Published by film producer and businessman Charles Finch, A Rabbit’s Foot aims to be a cerebral companion for people with a wider curiousity about film and its wider cultural contexts. Each quarterly edition is themed around a specific subject (such as French cinema or Politics and Film) with relevant interviews, essays and biographical writing alongside photography, behind the scene-images and film stills.
A Rabbit’s Foot takes its curious name from Ernest Hemingway’s memoir ‘A Movable Feast' ('For luck you carried a horse chestnut and a rabbit's foot in your right pocket. The fur had been worn off the rabbit's foot long ago and the ones and the sinews were polished by wear. The claws scratched in the lining of your pocket and you knew your luck was still there.')
About Issue 12 from the publisher:
The 12th issue of A Rabbit’s Foot is about the crossover between the arts and SANCTUARY—a home known or found, a place of escape, or contentment and inspiration.
Our cover star Isabelle Huppert meets us in her own sanctuary: the cinema, for an exclusive interview that follows her career and passion for film, and mystifying original photography in Paris.

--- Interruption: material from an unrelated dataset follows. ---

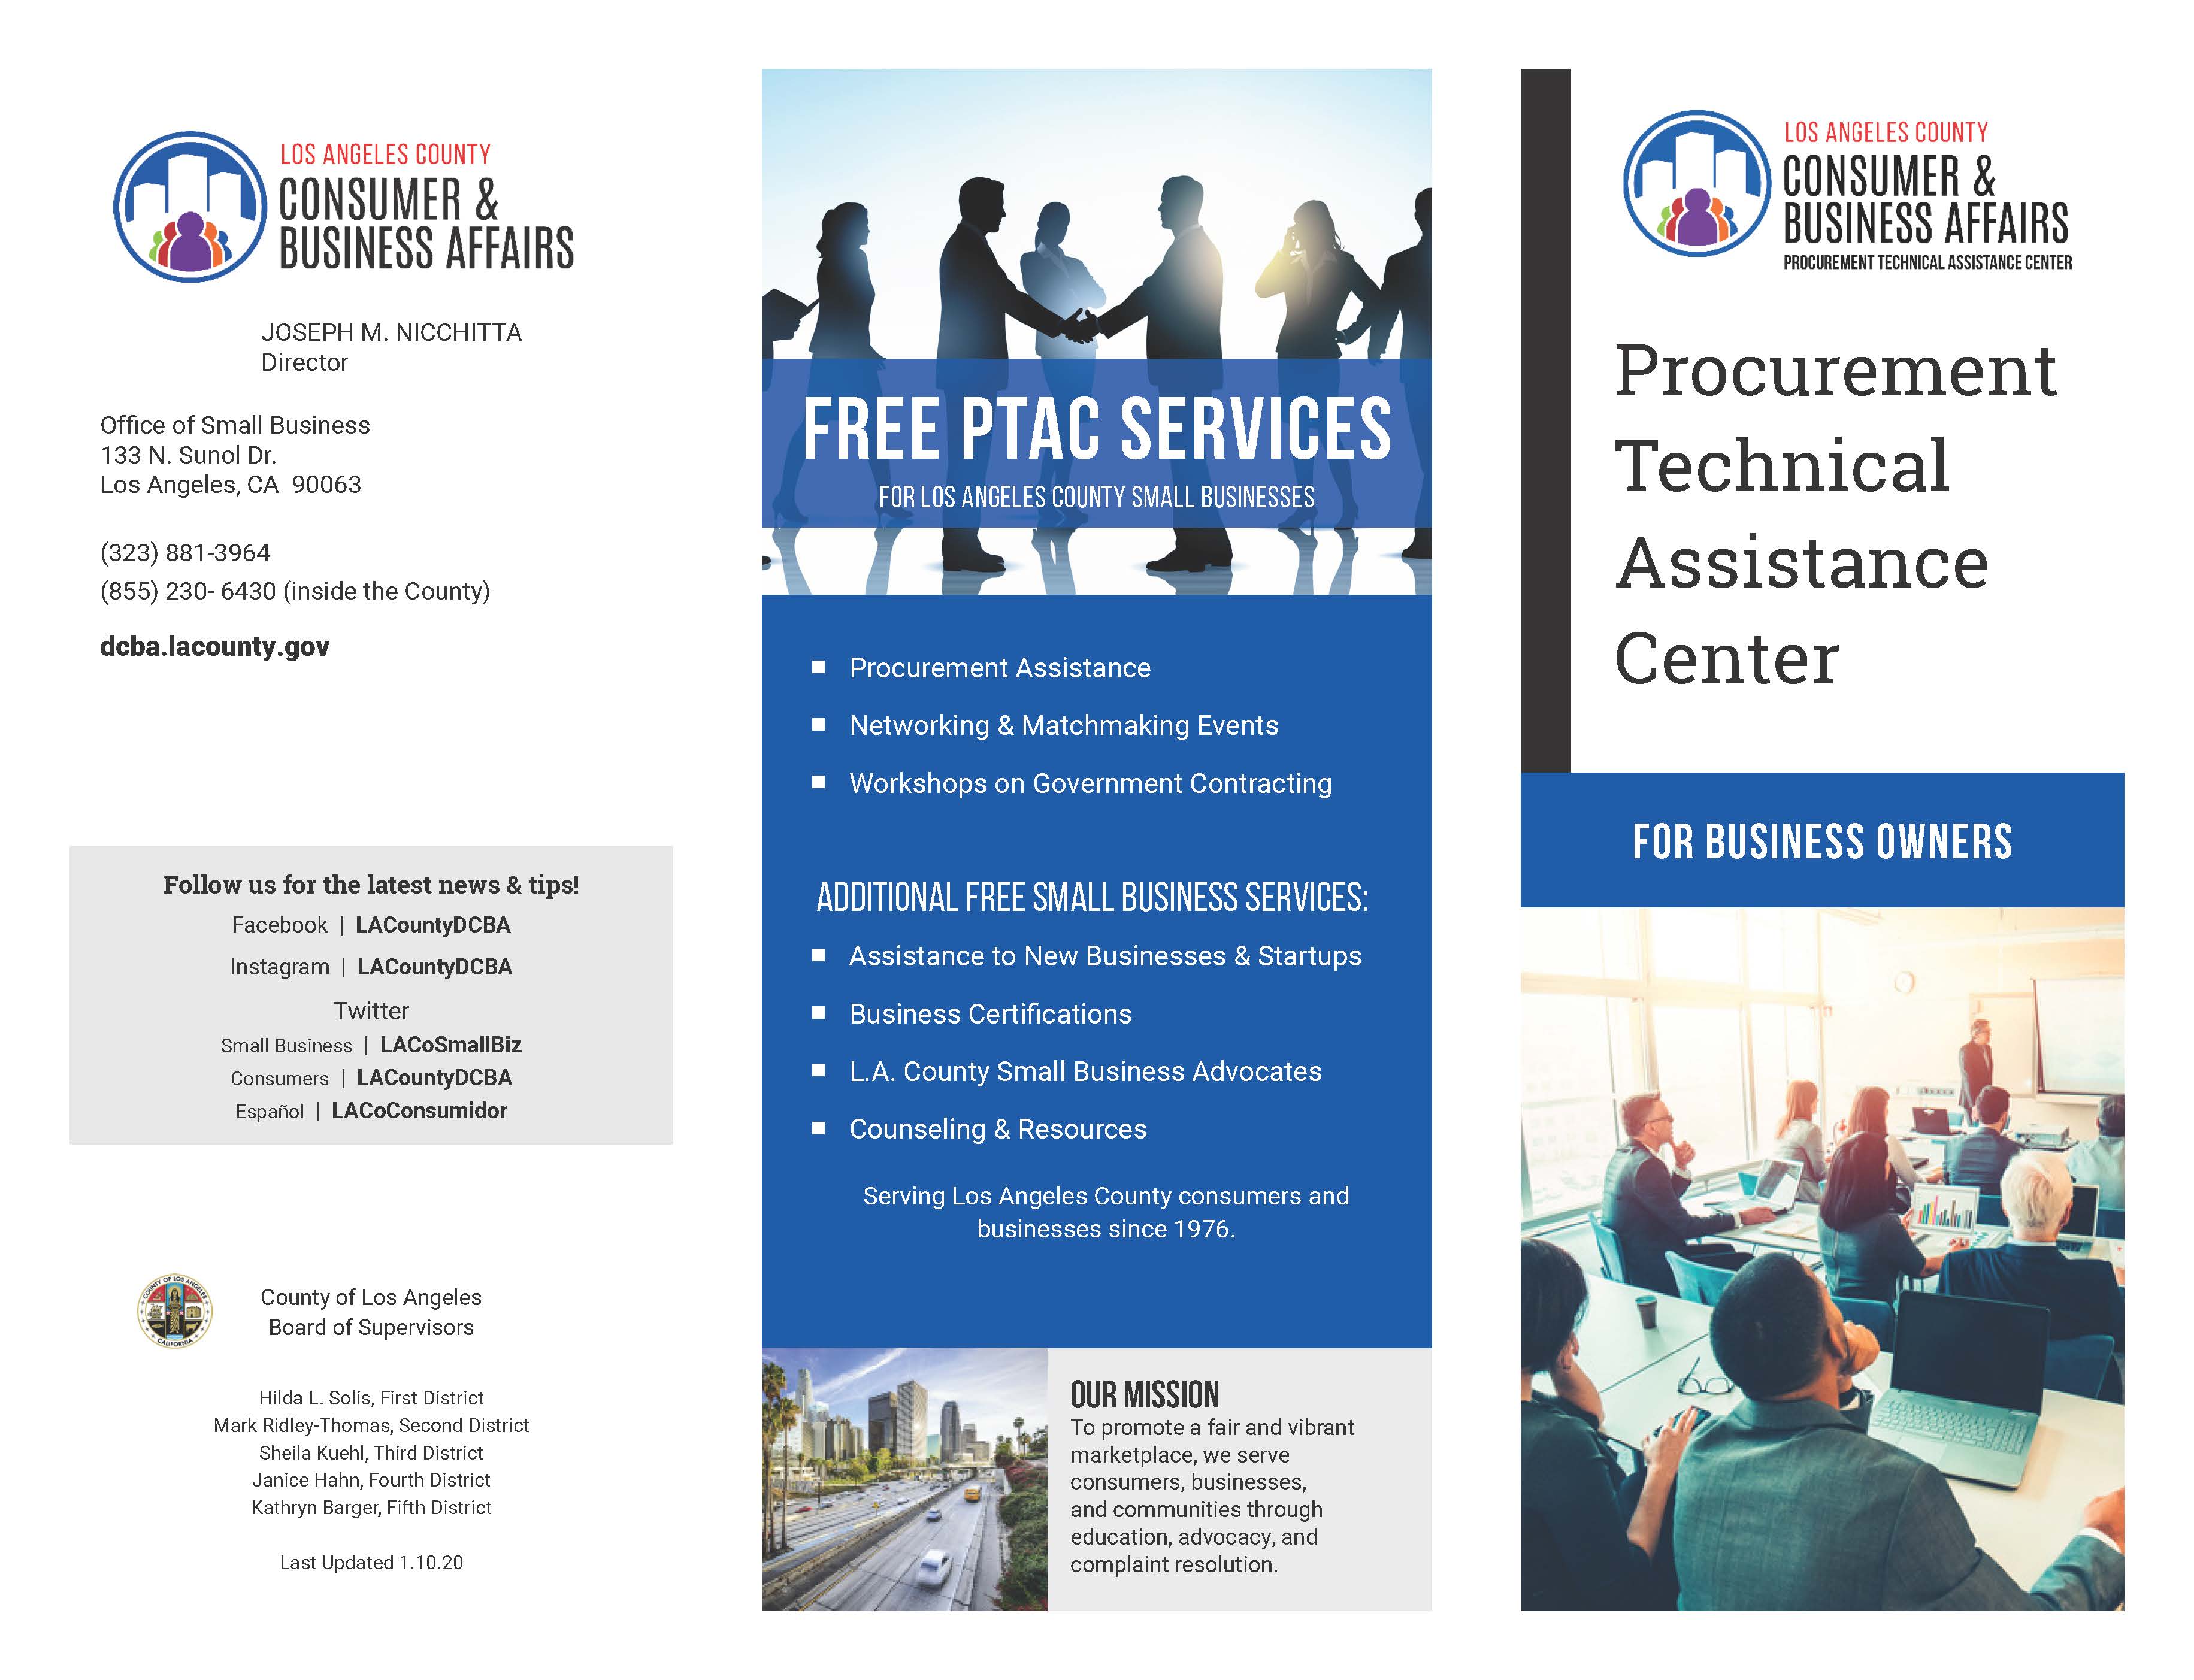 Procurement Technical Assistance Center Brochure

We also spend time with John Malkovich, discussing wine-making in Provence and filmmaker Celine Song in New York ahead of Materialists. Our writer joins artist Emily Young at her Tuscan retreat and hitches a car with author Rachel Kushner through France. Brazilian veteran Fernando Meirelles talks sustainability and City of God, while Harris Dickinson ruminates on London and directing his first feature.
Among these deeply informative, human interviews are essays on VS Naipaul by Aatish Taseer and a look at Graham Greene’s sanctuary: Capri.
All of this and much more compose Issue 12 of A Rabbit’s Foot—a 200-plus page compendium of meaningful stories that bring readers across the cultural spectrum in a single beautifully-designed volume.